In some DNA sequences, especially CA and TA dinucleotides, Hoogsteen base pairs exist as transient entities that are present in thermal equilibrium with standard Watson–Crick base pairs. The detection of the transient species required the use of NMR relaxation dispersion spectroscopy applied to macromolecules.[1]

Hoogsteen base pairs have been observed in protein–DNA complexes.[9] Some proteins have evolved to recognize only one base-pair type, and use intermolecular interactions to shift the equilibrium between the two geometries.

DNA has many features that allow its sequence-specific recognition by proteins. This recognition was originally thought to primarily involve specific hydrogen-bonding interactions between amino-acid side chains and bases. But it soon became clear that there was no identifiable one-to-one correspondence — that is, there was no simple code to be read. Part of the problem is that DNA can undergo conformational changes that distort the classical double helix. The resulting variations alter the presentation of DNA bases to proteins molecules and thus affect the recognition mechanism.

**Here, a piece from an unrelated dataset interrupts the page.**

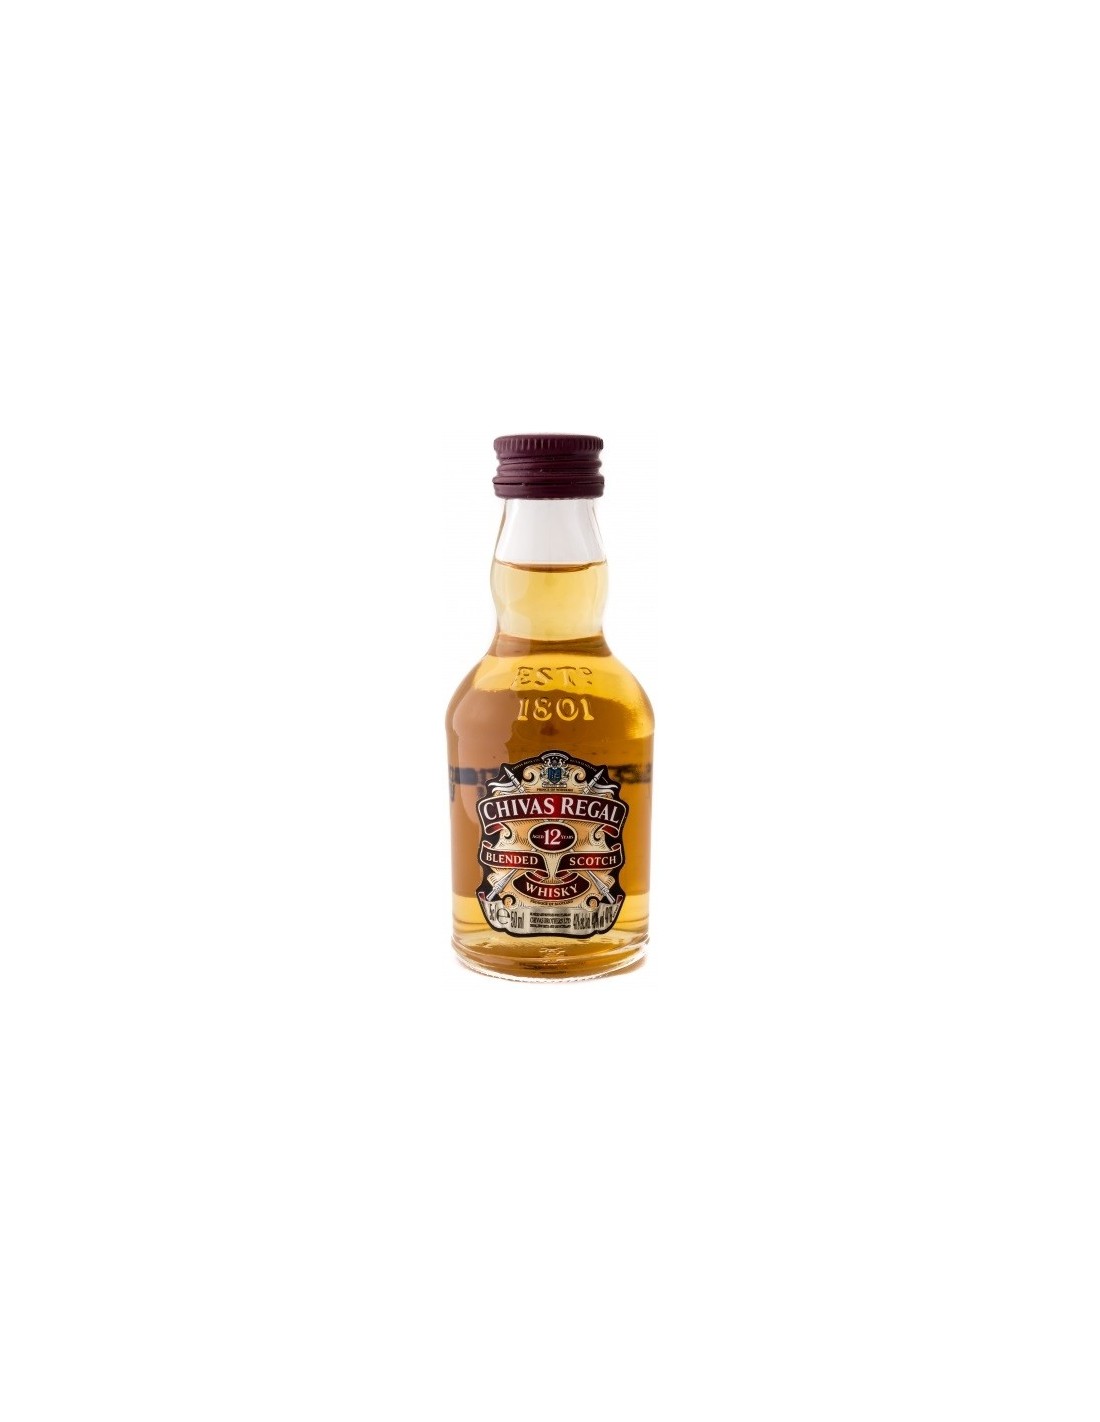 Acheter du Whisky Chivas Regal 12 ans 70cl vendu en Etui sur notre site -  Odyssee-vins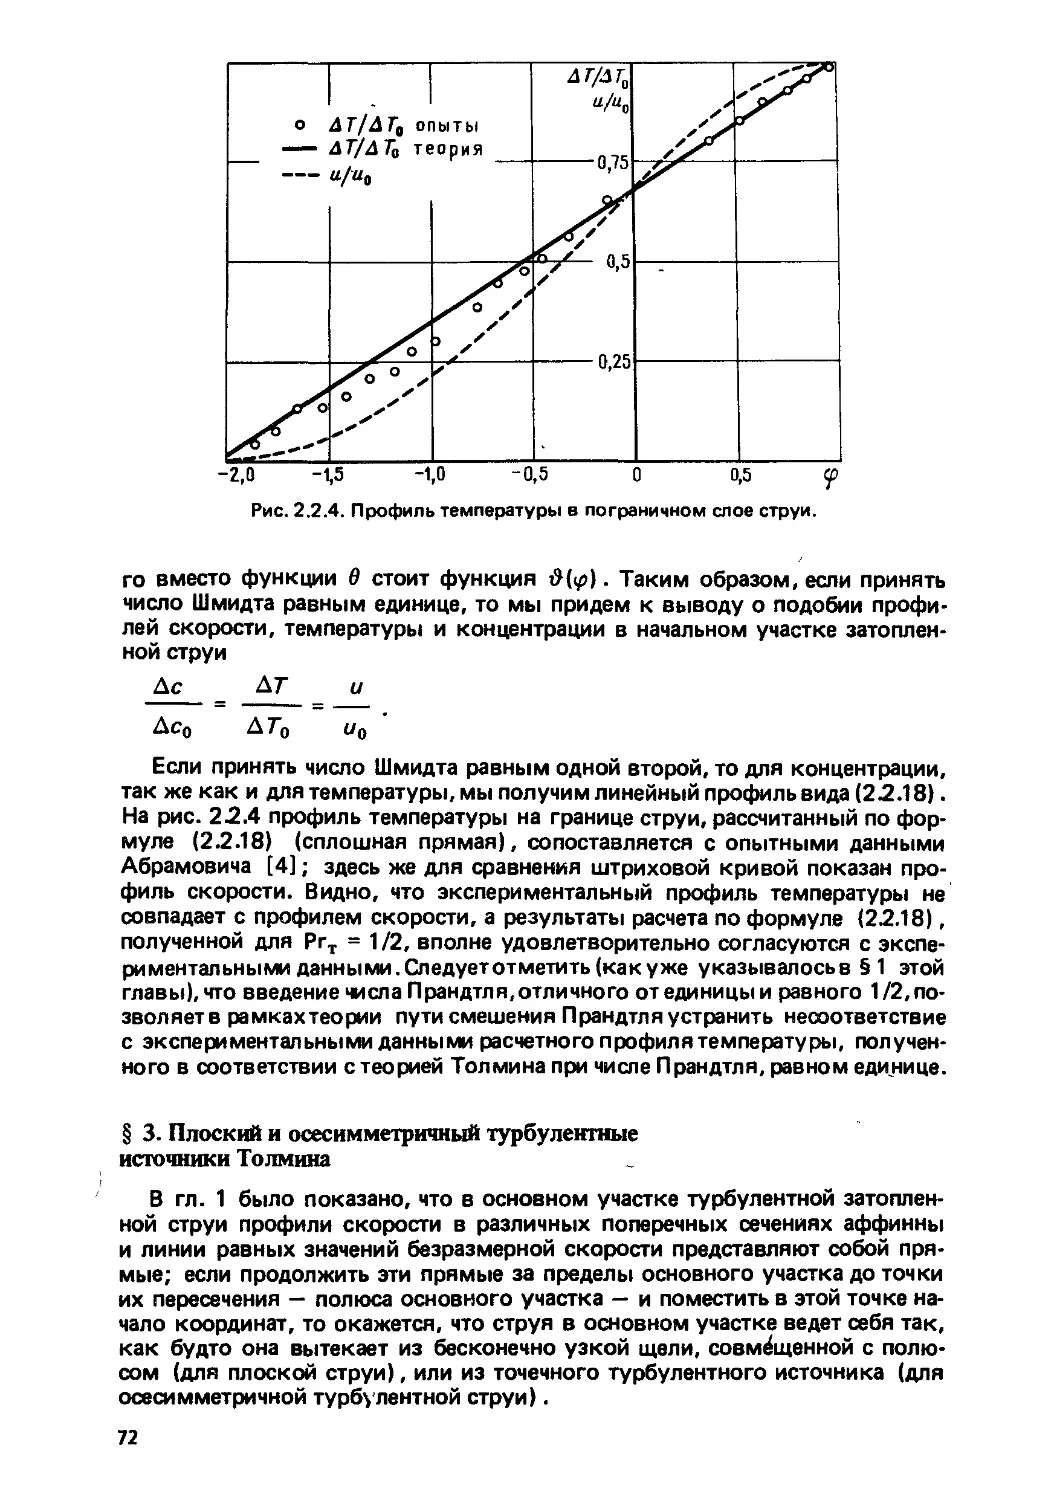 § 3. Плоский и осесимметричный турбулентные источники Толмина

As distortions in the double helix are themselves are dependent on base sequence, proteins are able to recognize DNA in a manner similar to the way that they recognize other proteins and small ligand molecules, i.e. via geometric shape (instead of the specific sequence). For example, stretches of A and T bases can lead to narrowing the minor groove of DNA (the narrower of the two grooves in the double helix), resulting in enhanced local negative electrostatic potentials which in turn creates binding sites for positively charged arginine amino-acid residues on the protein.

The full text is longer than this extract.